Swinging Between The Extremes
I’ve always had a thing for sweets.
Not just any will do: my weakness is for treats that are a perfect combination of fat and sugar. Fudge for instance. I can eat my body weight in fudge, and still go back for ‘just one more piece’.
For the most part, I’ve been able to control my sweet tooth, and generally maintain a well-balanced, healthy diet. But there have been times in my life – episodes, let’s call them – when I overindulged.
Ok, maybe more like binged.
At times like these, the idea of giving up sweets seemed about as reasonable as severing a limb. But as with most bad habits, the euphoria in the moment was always quickly surpassed by the absolute misery that followed. During a sugar phase, I’d struggle with mood swings, irritability, weight gain, digestive discomfort, lethargy and brain fog. And of course guilt. Not fun.
Eventually, I’d hit a breaking point, and decide I needed to clean up my act. Sugar would abruptly become the evil villain in my life, and I’d purge it with the ruthlessness and fervor of a 17th century witch hunt.
Then would follow the intense cravings, the two-week sugar crash, and the constant battle to avoid situations and places where sugar might be lurking to sabotage my puritanical efforts. After some length of time of being rigidly vigilant about my sugar intake, I’d unsurprisingly fall off the wagon, and start the whole cycle over again.
Rinse and repeat.
Finding the Middle Ground
It took me many long years to finally figure out that finding an acceptable middle ground in the management of my sugar intake was a lot less work than swinging wildly between the extremes.

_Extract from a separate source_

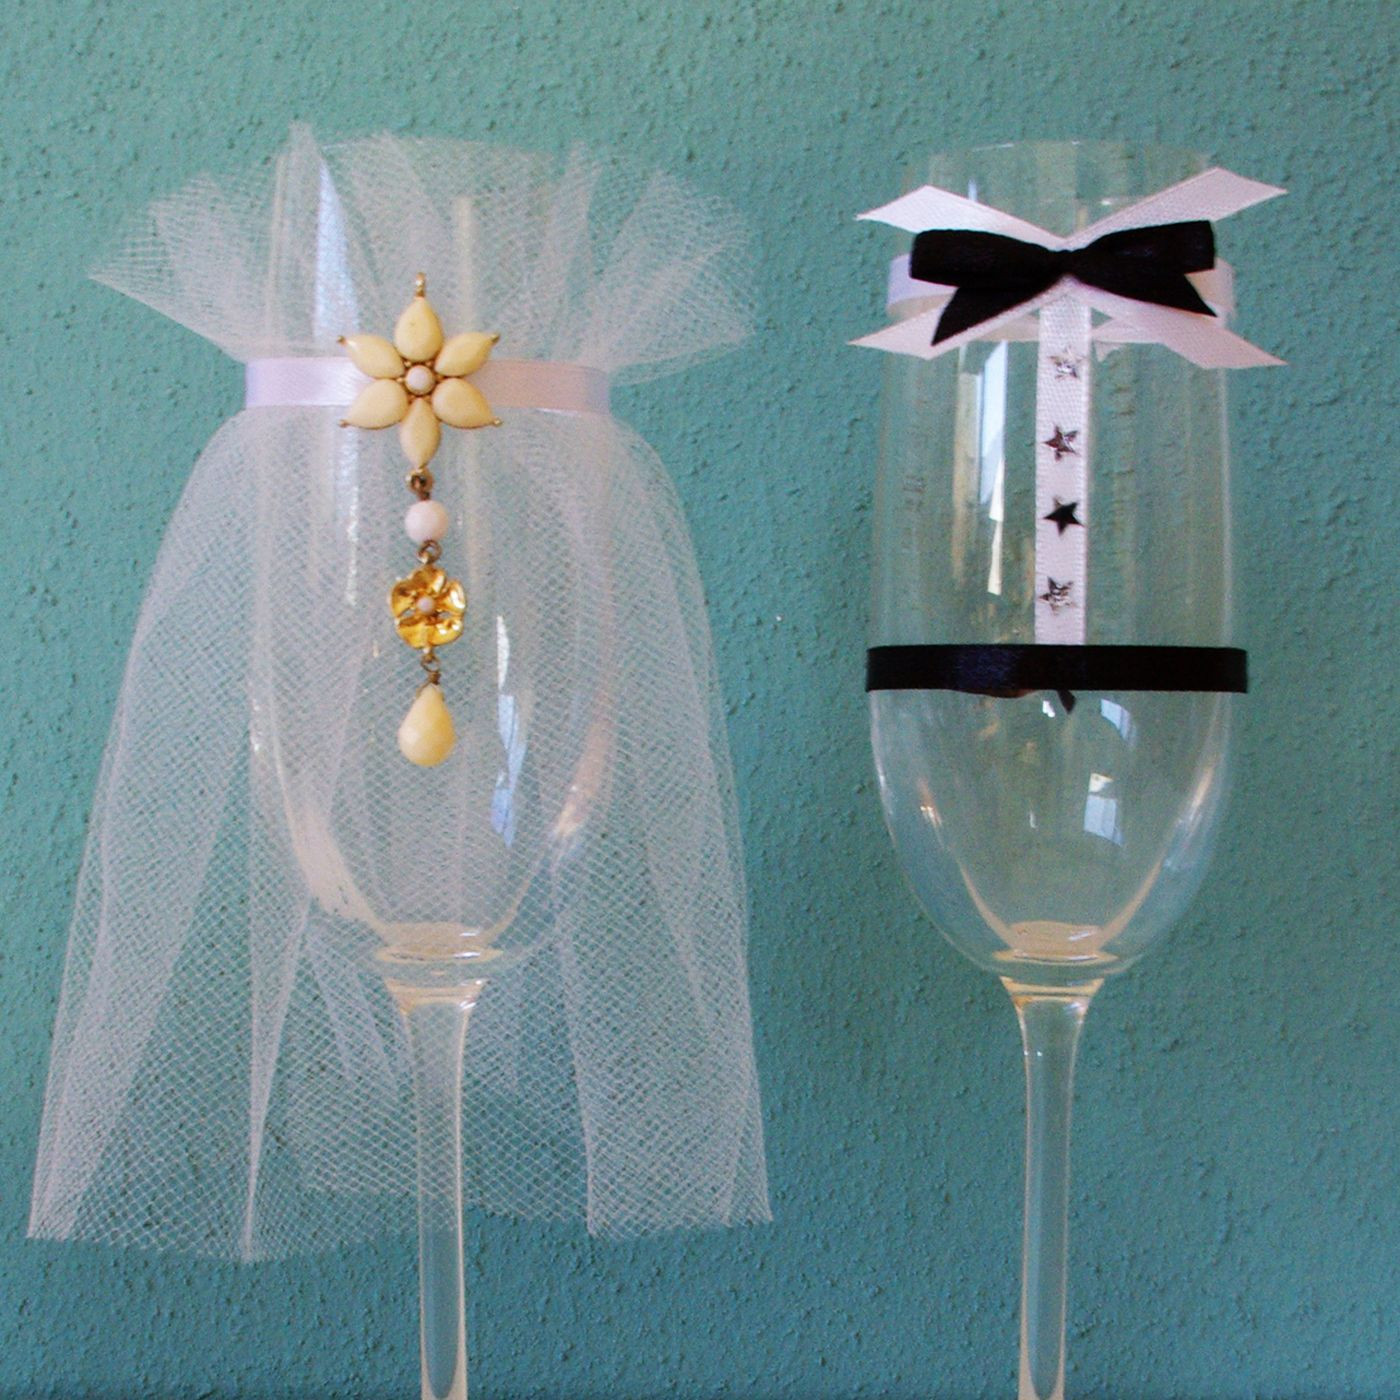 Hochzeit Sektgläser
 Hochzeit Sektgläser als Brautpaar verkleidet

These days, my diet is 90% healthy, with a 10% sprinkling of things I once viewed as ‘bad for you’, including my old nemesis, sugar. I don’t eat sweets and fudge until my teeth hurt anymore, but I do allow myself the occasional indulgence of a bite of something decadent for dessert. I have a teaspoon of raw sugar in my morning coffee, but I don’t follow it with a cherry cream cheese danish for breakfast.
Most importantly, I don’t allow guilt to tag along when I opt to partake, instead choosing to enjoy my mini-indulgences with complete freedom. I no longer view sugar as the sole source of happiness in my life, but neither do I see it something inherently evil.
This change in my attitude and behaviors around sugar and diet in general have allowed me to focus on far more important and meaningful aspects of my life. I have more energy, both mental and physical, to put towards my work, hobbies and relationships. What was once a stressful and damaging habit has become a simple pleasure that I can enjoy on occasion.
I’ve found The Tao of sweets.
Since coming to this realization, I’ve applied the concept of The Tao to many other habits and areas of my life. Cleaning the house for instance – I no longer worry about our home being spotless when guests stop by, nor do I let it slide into a state of total anarchy, both of which require far more energy to maintain than simply keeping things generally tidy and organized. Same goes for finding a work/life balance, seeing friends and family, and exercising.
The middle ground – that reasonable, maintainable, sane balance – is far less stressful, exhausting and consuming, and far more pleasant, than swinging between the extremes.
There is freedom (and fudge) in The Tao.